Benny Betty Bitchy pose le contexte, ici, on n’apprend pas, éventuellement on désapprend, rien à voir avec déconstruire. En respectant l’artiste et la personne, en ne mégenrant pas, en envoyant de l’énergie.
Dans Naissances, Benny Betty Bitchy, le personnage, raconte les naissances successives de la personne. Comment iel est né.e, s’est retrouvé.e dans les égouts de la ville, sur le septième continent, s’est révélé.e.
Venu découvrir Naissances, je me suis retrouvé totalement embarqué par ce spectacle foutraque. Par la façon dont le personnage se raconte, sans filtre et avec pudeur. Par son imagination. Ses considérations sur le monde et les vortex de plastique. Ses explications sur les hormones, œstrogène et testostérone, comment (se) les administrer, pourquoi. Son rapport à la judéité, les six/huit genres listés dans le talmud. Par ses chansons, au son d’une guitare saturée qui n’assourdit pas.
Une guitare électrique saturée sans assourdir, une excellente façon de décrire le rendu de Naissances. Un parti pris artistique fort, une histoire claire, porté sans agressivité ni provocation. Avec sensibilité et pudeur. Le spectateur l’entend, l’écoute.
Je n’ai pas reçu Naissances comme un spectacle Drag, ni comme l’apitoiement de l’artiste sur son propre sort. J’ai reçu Naissances comme le seul en scène d’un.e clown punk. Benny Betty Bitchy, le personnage de Willia Bourgine, est un.e clown fin.e, sensible. Drag sans excès. Guitariste et chanteurse punk. Nourri.e de son expérience de femme trans sans être centré dessus, iel raconte une histoire qui a un fond, du sens, une direction . Sensible, touchant.e, avec ses maladresses, son texte étalé en bord de scène, son ampli pas raccordé. Volontaire ou pas, le rendu brut de décoffrage de Naissances renforçait la sincérité et la générosité du message. Il y avait une magie dans cette guitare électrique au son saturé qui n’assourdissait pas, dans les paroles de ces chansons qui passaient presque sans avoir besoin du micro.

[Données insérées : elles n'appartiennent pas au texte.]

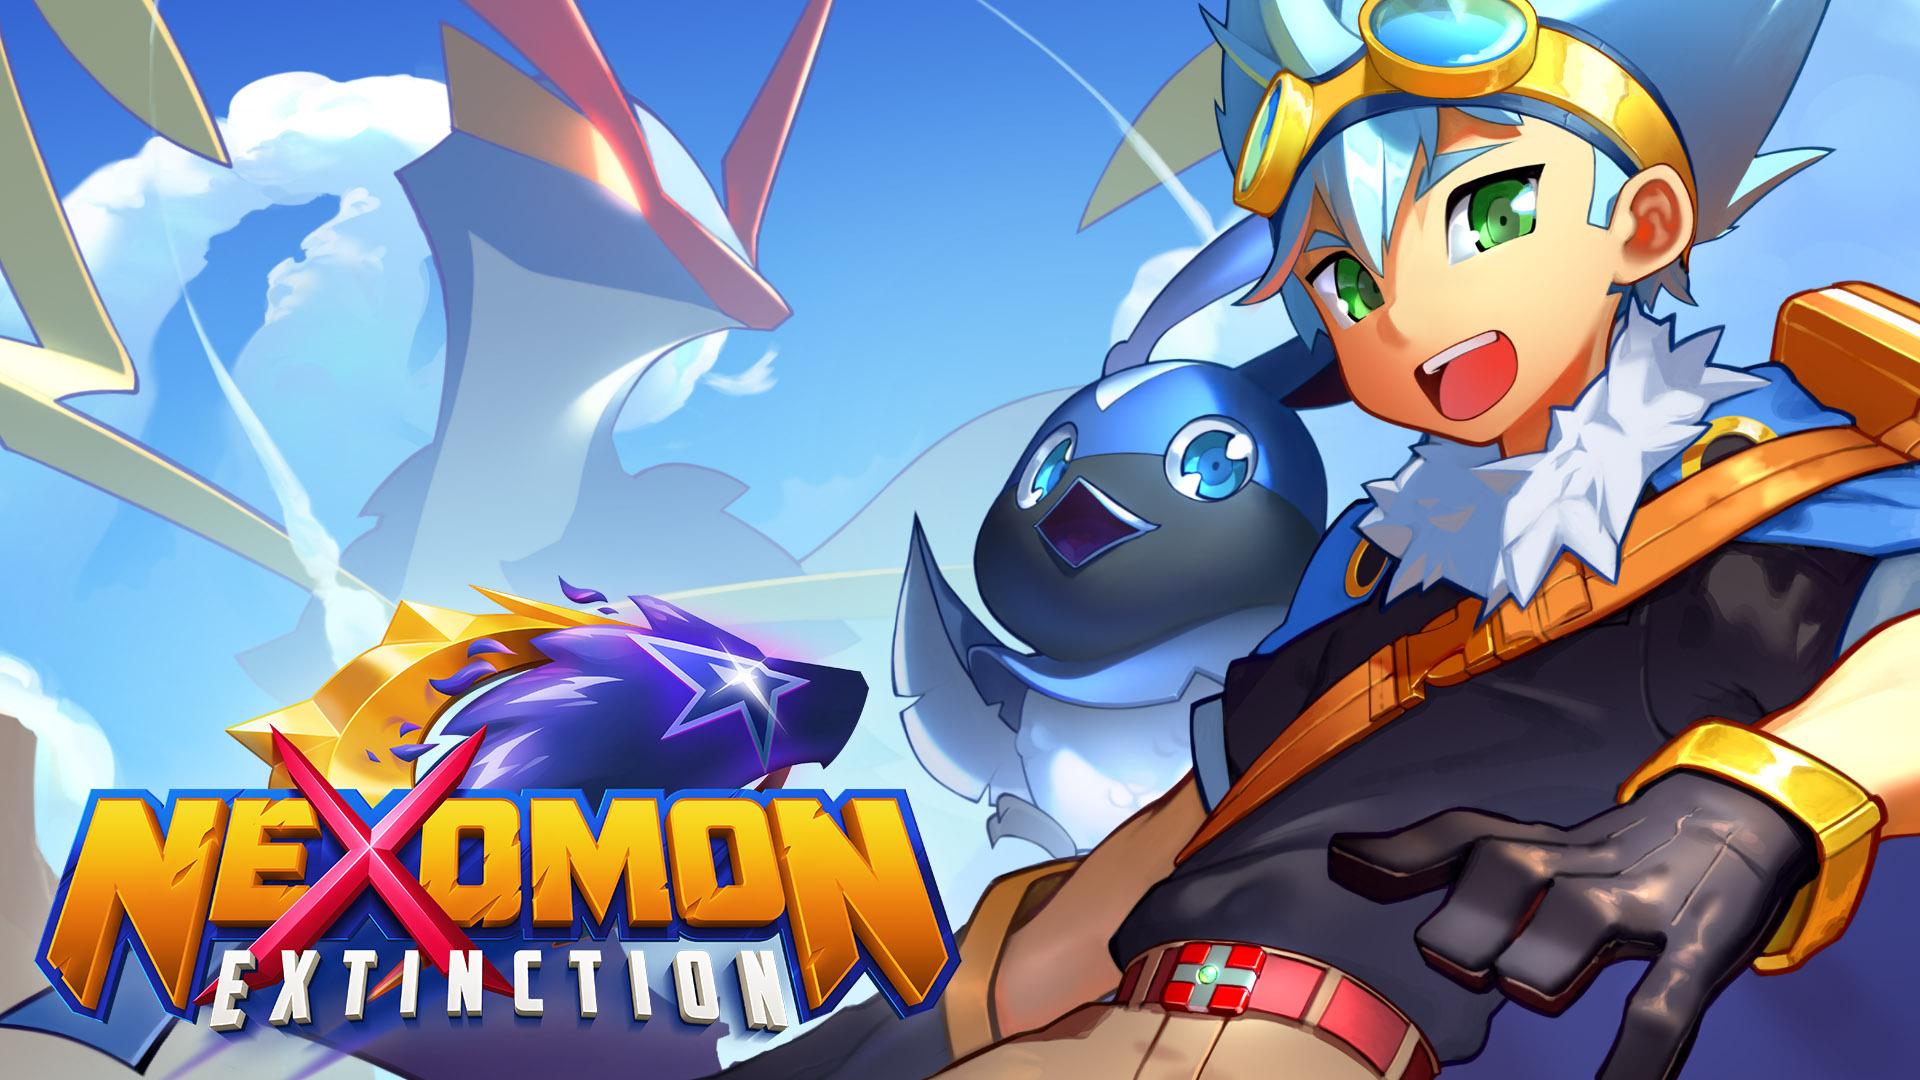 Nexomon: Extinction - Nintendo Switch  - Digital eShop, Ends March 1st $15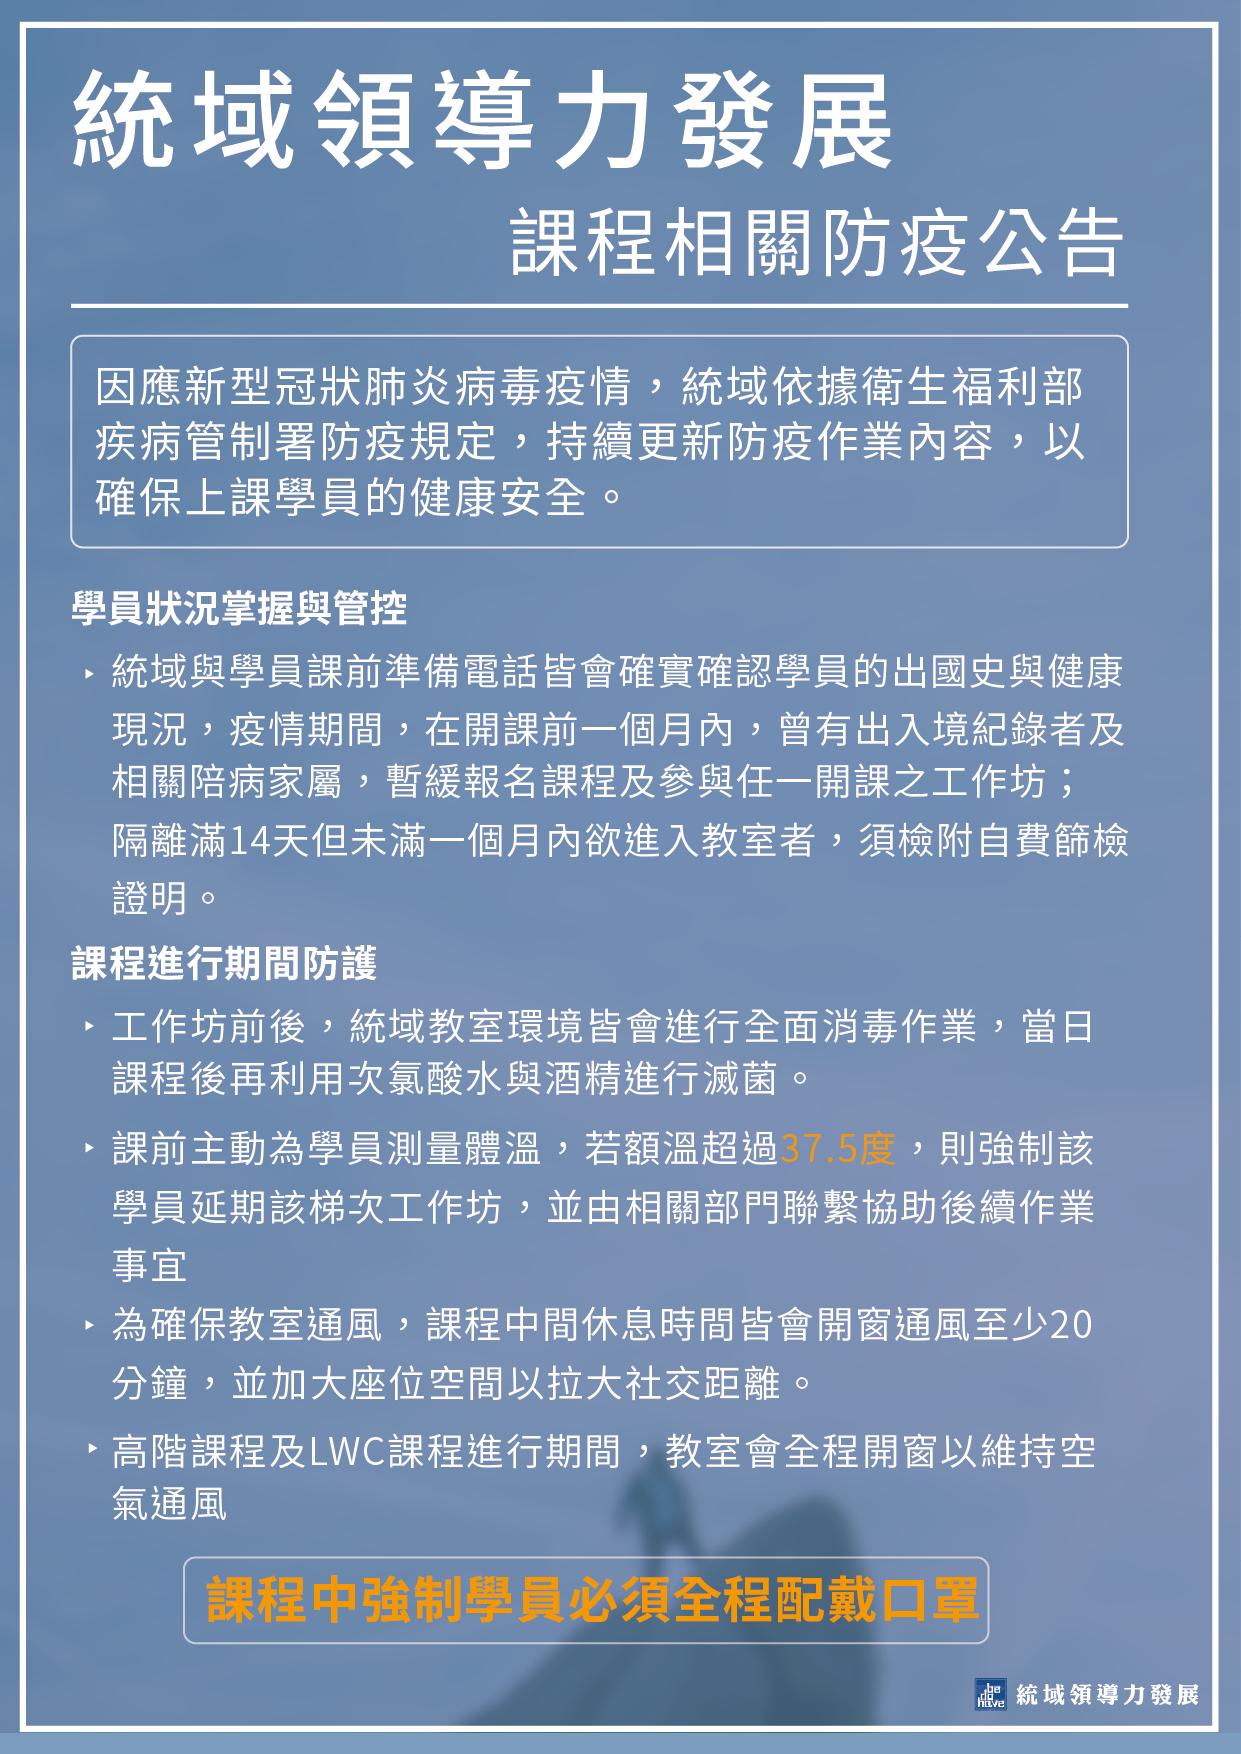 防疫公告09072-01

Naissances m’a embarqué, artistiquement et par son propos. Le spectacle va évoluer, grandir. Je lui souhaite de garder sa sincérité, sa générosité, je lui souhaite surtout de trouver ses salles et son public. Des salles et un public mainstream, qui viendront écouter la clown punk et ses chansons, entendre son message et son histoire.
Vu à La Reine Blanche le 21/09/24 dans le cadre du festival des Clics et des Sciences
En tournée : le 09/01/25 au WAB (We Are Brewers)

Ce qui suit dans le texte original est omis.